DBMS exists to house huge stores of data for their respective organizations. A variety of tools are designed to plug in and turn this unstructured information into actionable assets. Gartner defines DBMS as a product used for the storage and organization of data that typically has defined formats and structures. Further, the research firm notes that DBMS are categorized by their basic structures, and to some extent, their use or deployment.
The hierarchy of DBMS begins with SQL and NoSQL solutions. Relational database management systems (RDBMS) represent a major piece of market share, while NoSQL solutions are based on—but not limited to—other models such as document store, wide column store, and key value store.
According to DB-Engines, a knowledge base of relational and NoSQL DBMS, the top ten ranked systems at press time included Oracle, by Oracle, a RDBMS; MySQL by Oracle, RDBMS; Microsoft SQL Server, by Microsoft, RDBMS; PostgreSQL, by PostgreSQL Global Development Group, RDBMS; MongoDB, by MongoDB, Inc., document store; DB2, by IBM, RDBMS; Microsoft Access, by Microsoft, RDBMS; SQLite, by Dwayne Richard Hipp, RDBMS; Cassandra, by Apache Software Foundation, wide-column store; and Redis, by Salvatore Sanfilippo, key-value store.
The DB-Engines Ranking is a list of DBMSs sorted by current popularity. The site measures DBMS’ popularity by measuring the number of mentions of the system on websites, general interest, frequency of technical discussions about the system, number of job offers in which the system is mentioned, the number of profiles in professional networks in which the system is measured, and relevance in social networks.

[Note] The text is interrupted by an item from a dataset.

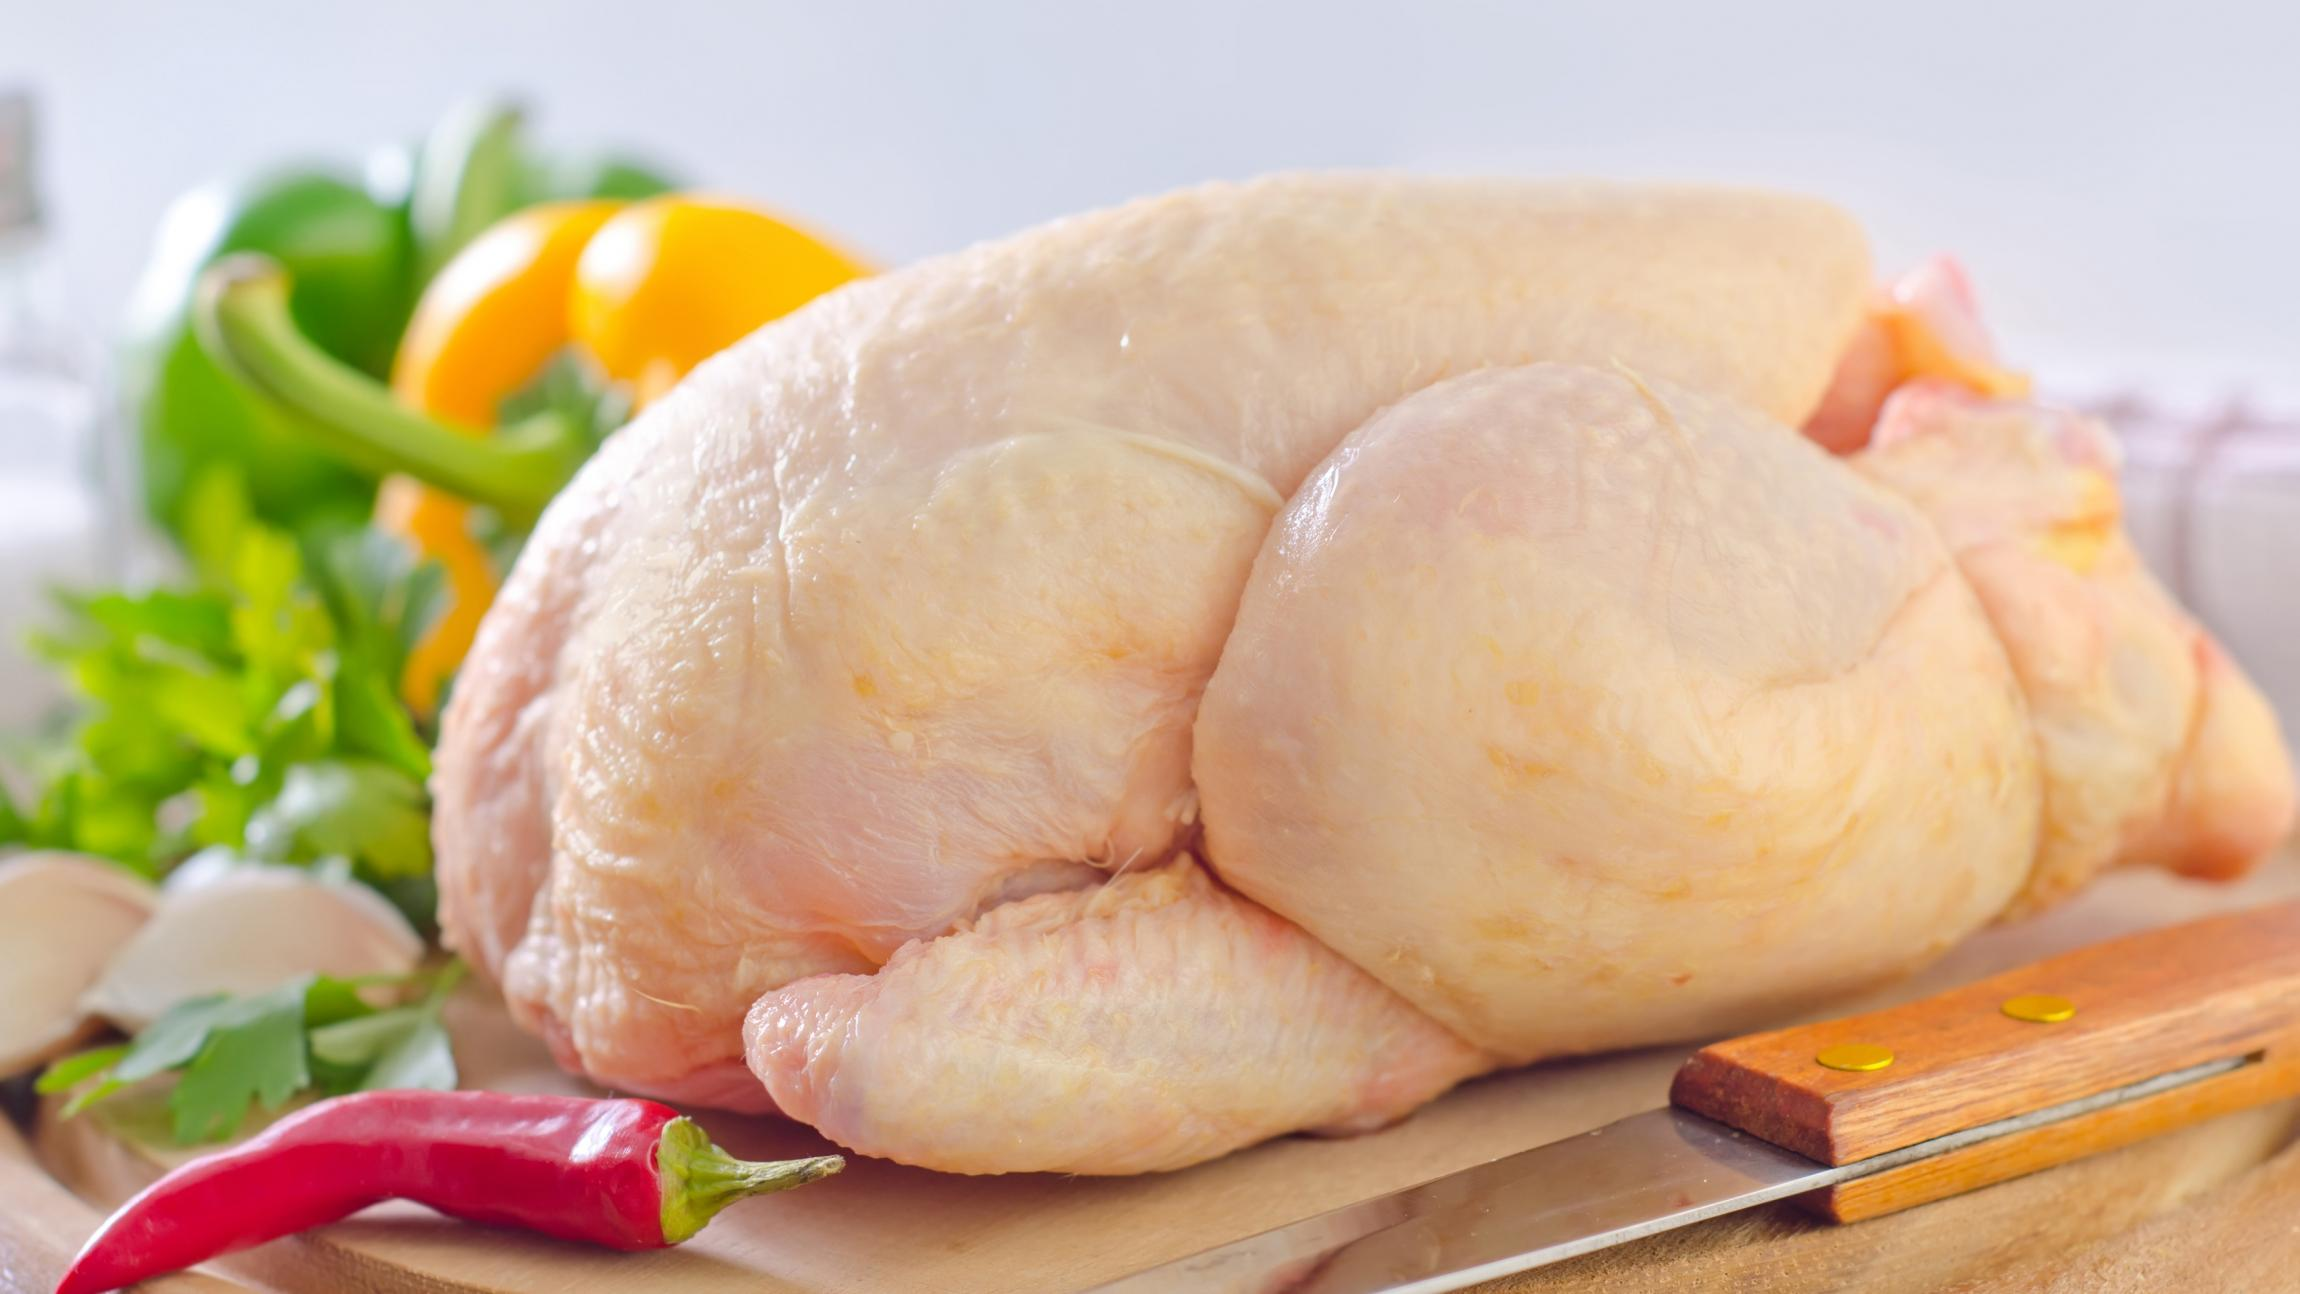 hvad vejer et kyllingebryst

The role of DBMS is essential to the future of big data. DBMS providers are keen on trends and consistently update systems and support new offerings to remain relevant.
Trends in DBMS
Specifically as it relates to big data initiatives, several trends stand out for DBMS. Key goals involve access and movement of data, hybrid approaches that mix unstructured and in-memory options, cloud integration, and simplification.
Tiffany Wissner, senior director, data platform marketing, Microsoft, says customers are interested in handling and processing data quickly and efficiently to stay ahead of the competition. “The quick but deep insights delivered by real-time analytics capabilities, such as in-memory, are in demand. As customers use all kinds of databases with various frameworks and languages, including SQL, Hadoop, and NoSQL, they want to use these technologies together seamlessly.”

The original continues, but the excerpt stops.